Items from a dataset
************

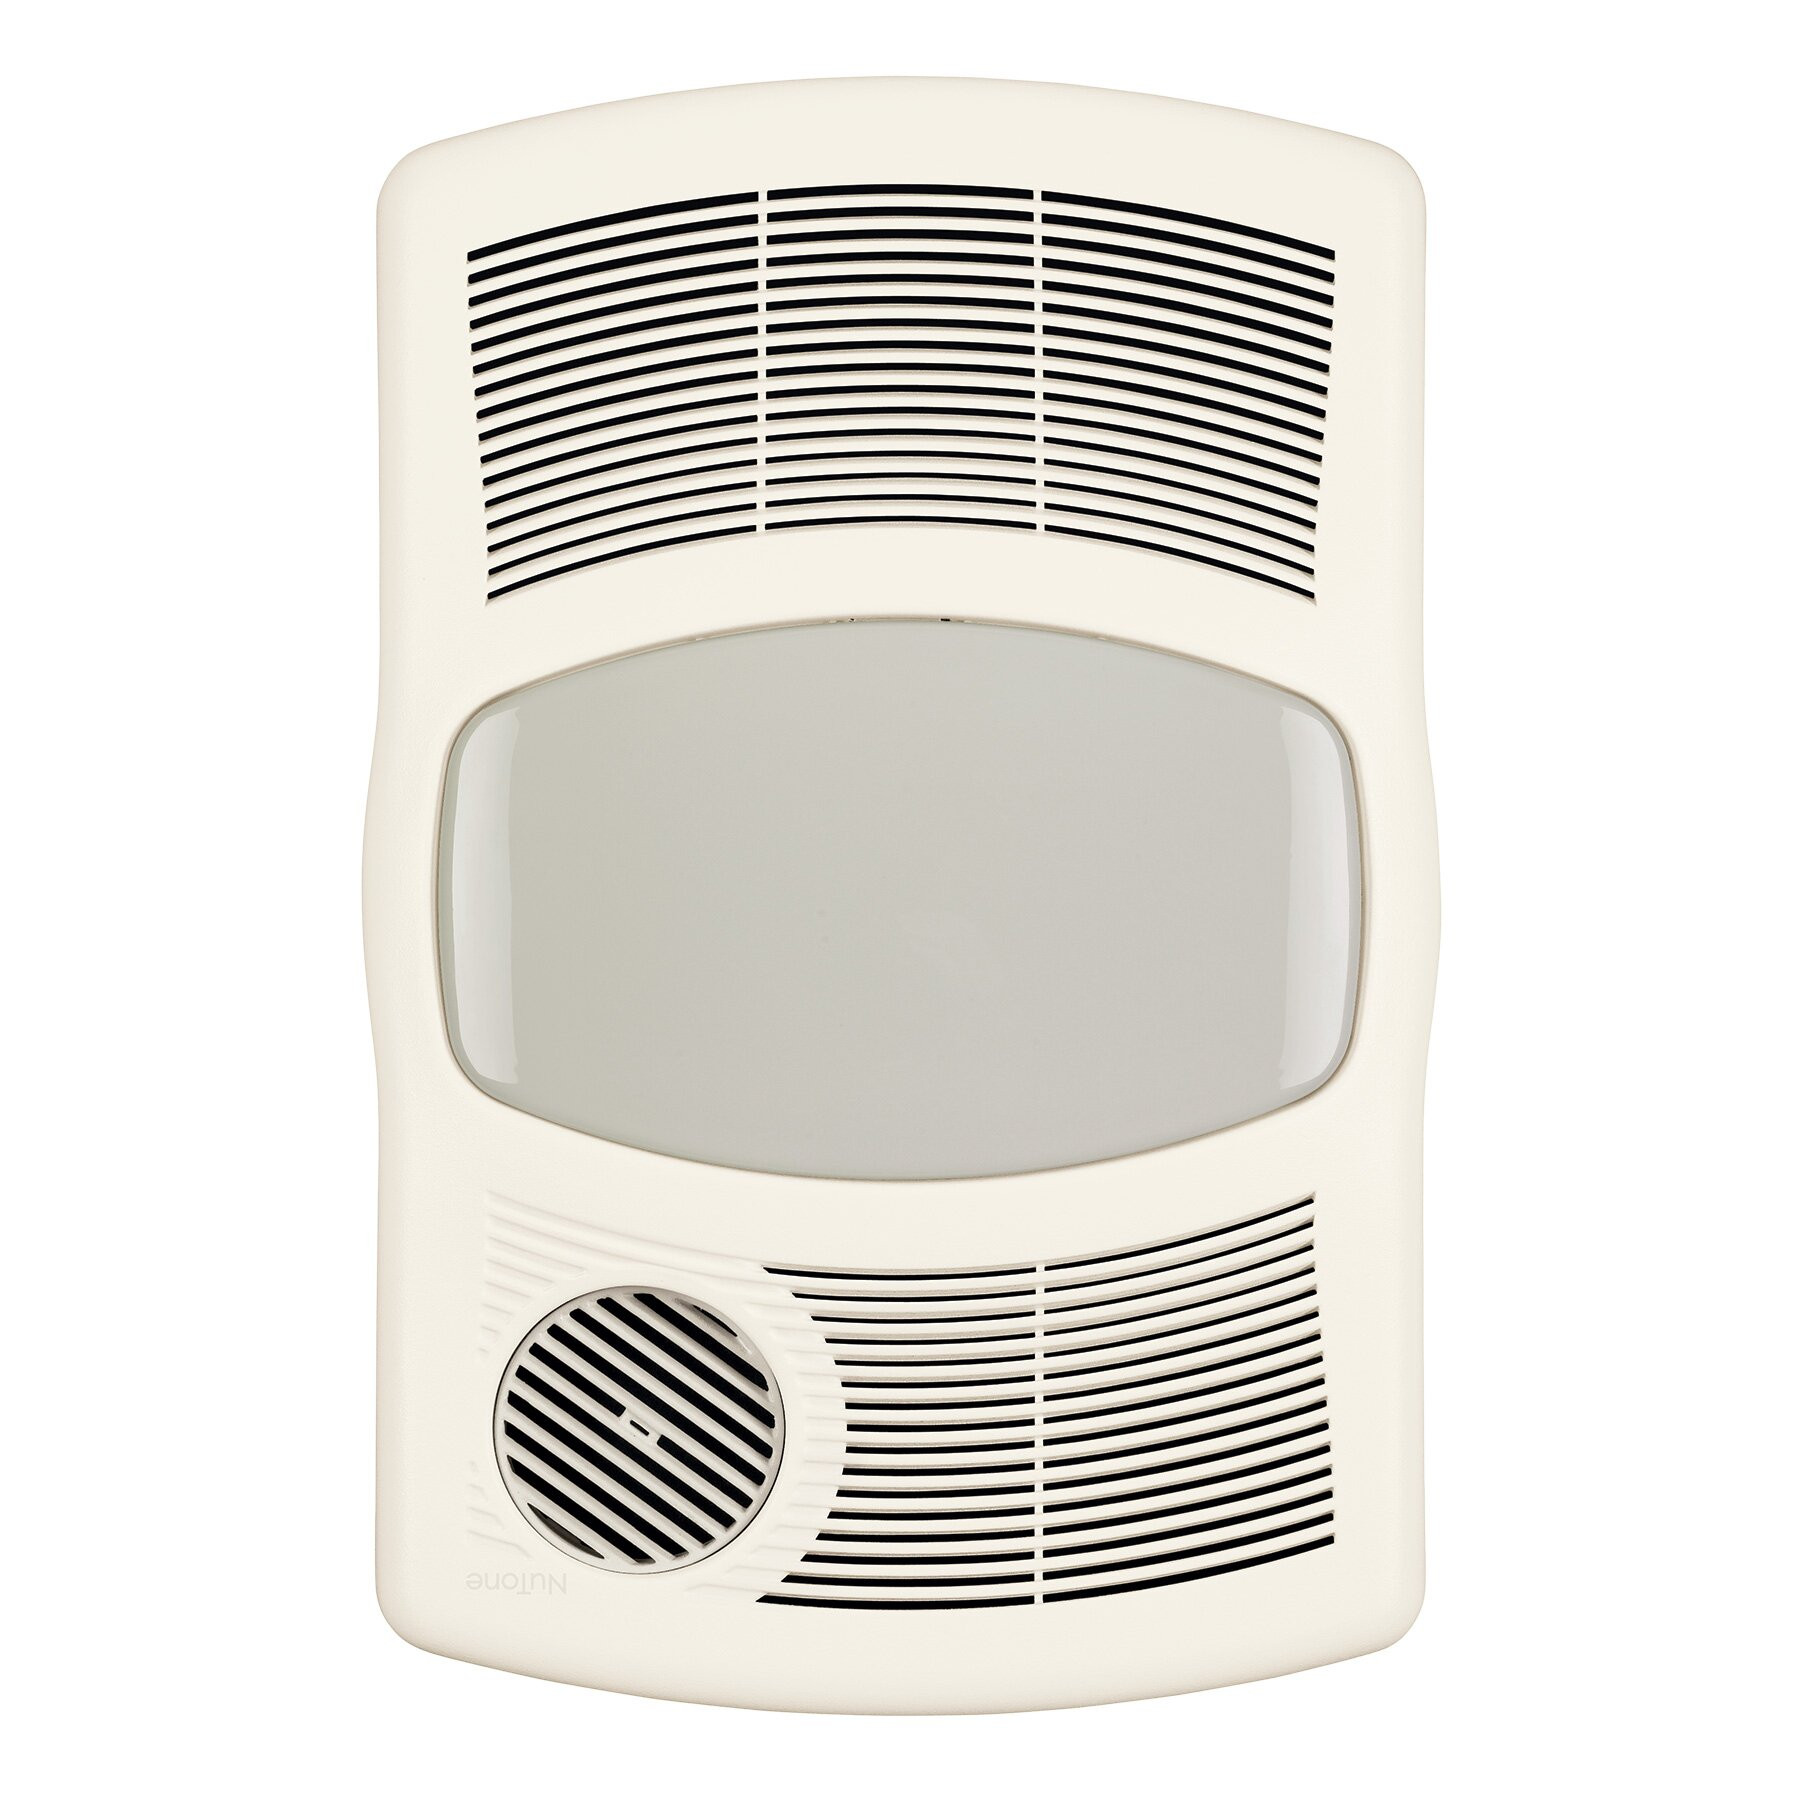 Bathroom Fan Light Heater
 Broan 100 CFM Exhaust Bathroom Fan with Heater & Reviews
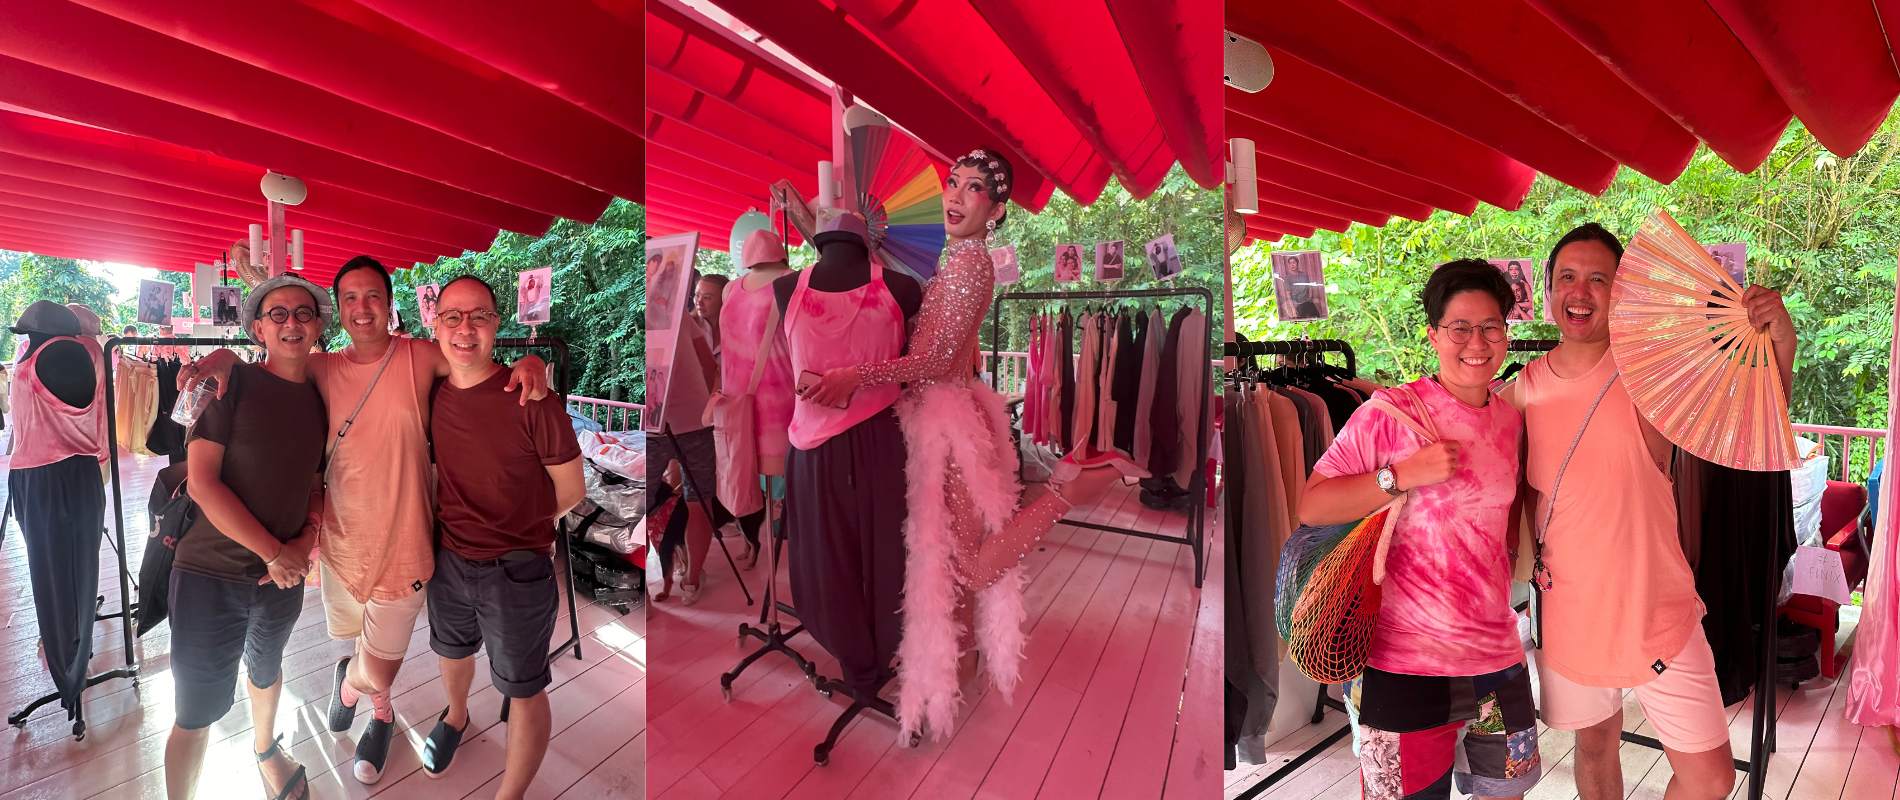 Celebrating Pride and Fashion at Pasar Pink x Sunday Social Market: Fi ...
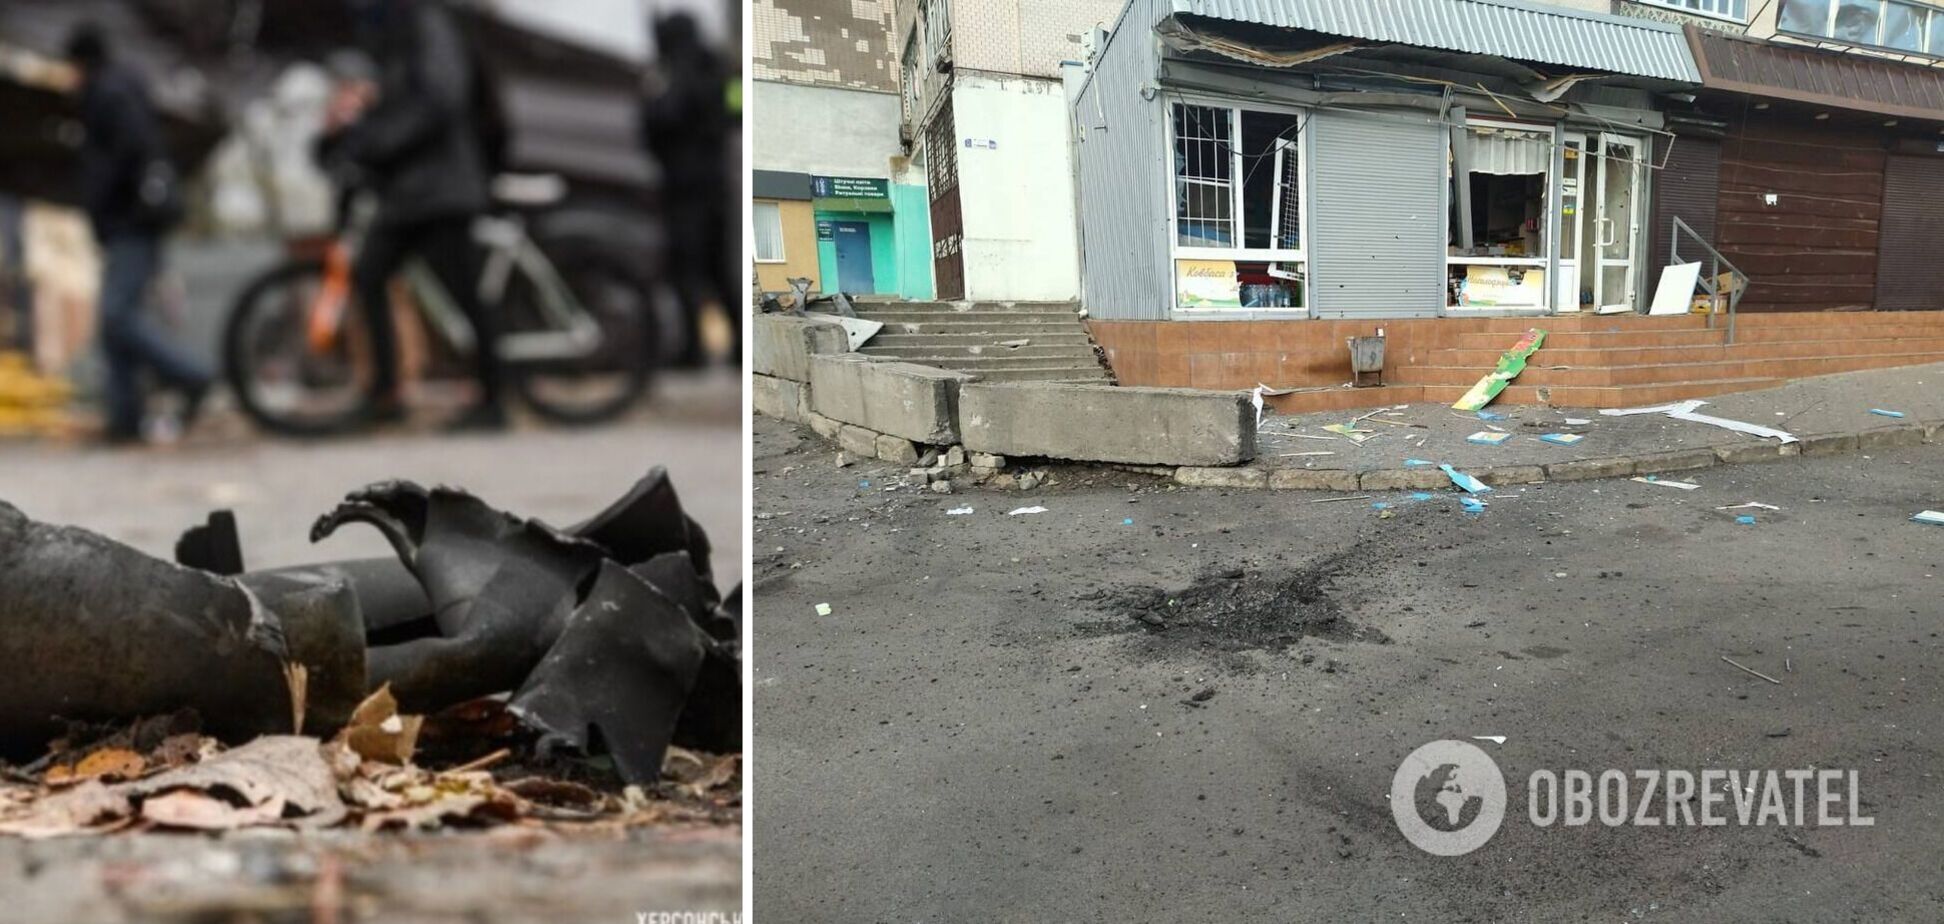 Снаряди влучили у продуктовий магазин: у Бериславі під час російського обстрілу загинуло двоє людей, ще трьох поранено. Фото 
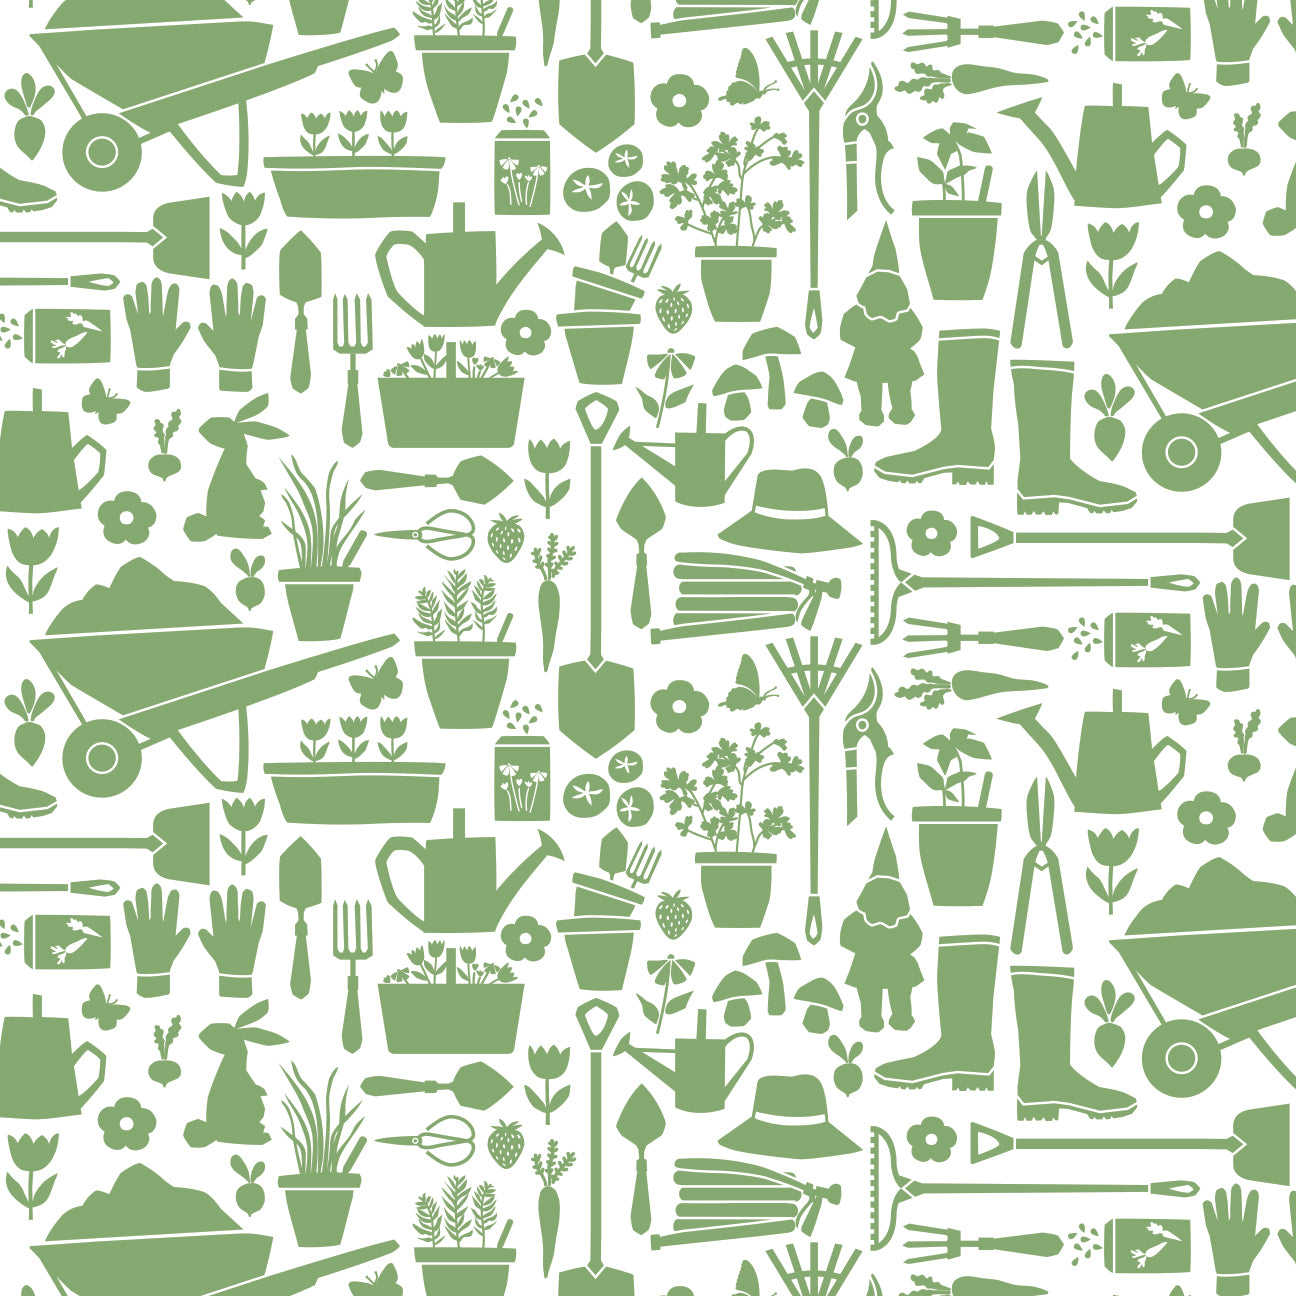 Long-Sleeve Tee - Garden Tools Green

************

- _WHAT IS BEING ASKED_:
An exact repeat of all the data is required, pictures excluded.

- _ANSWER TO THIS PROBLEM_:
 Bathroom Fan Light Heater
 Broan 100 CFM Exhaust Bathroom Fan with Heater & Reviews
 Celebrating Pride and Fashion at Pasar Pink x Sunday Social Market: Fi ...
 Снаряди влучили у продуктовий магазин: у Бериславі під час російського обстрілу загинуло двоє людей, ще трьох поранено. Фото 
 Long-Sleeve Tee - Garden Tools Green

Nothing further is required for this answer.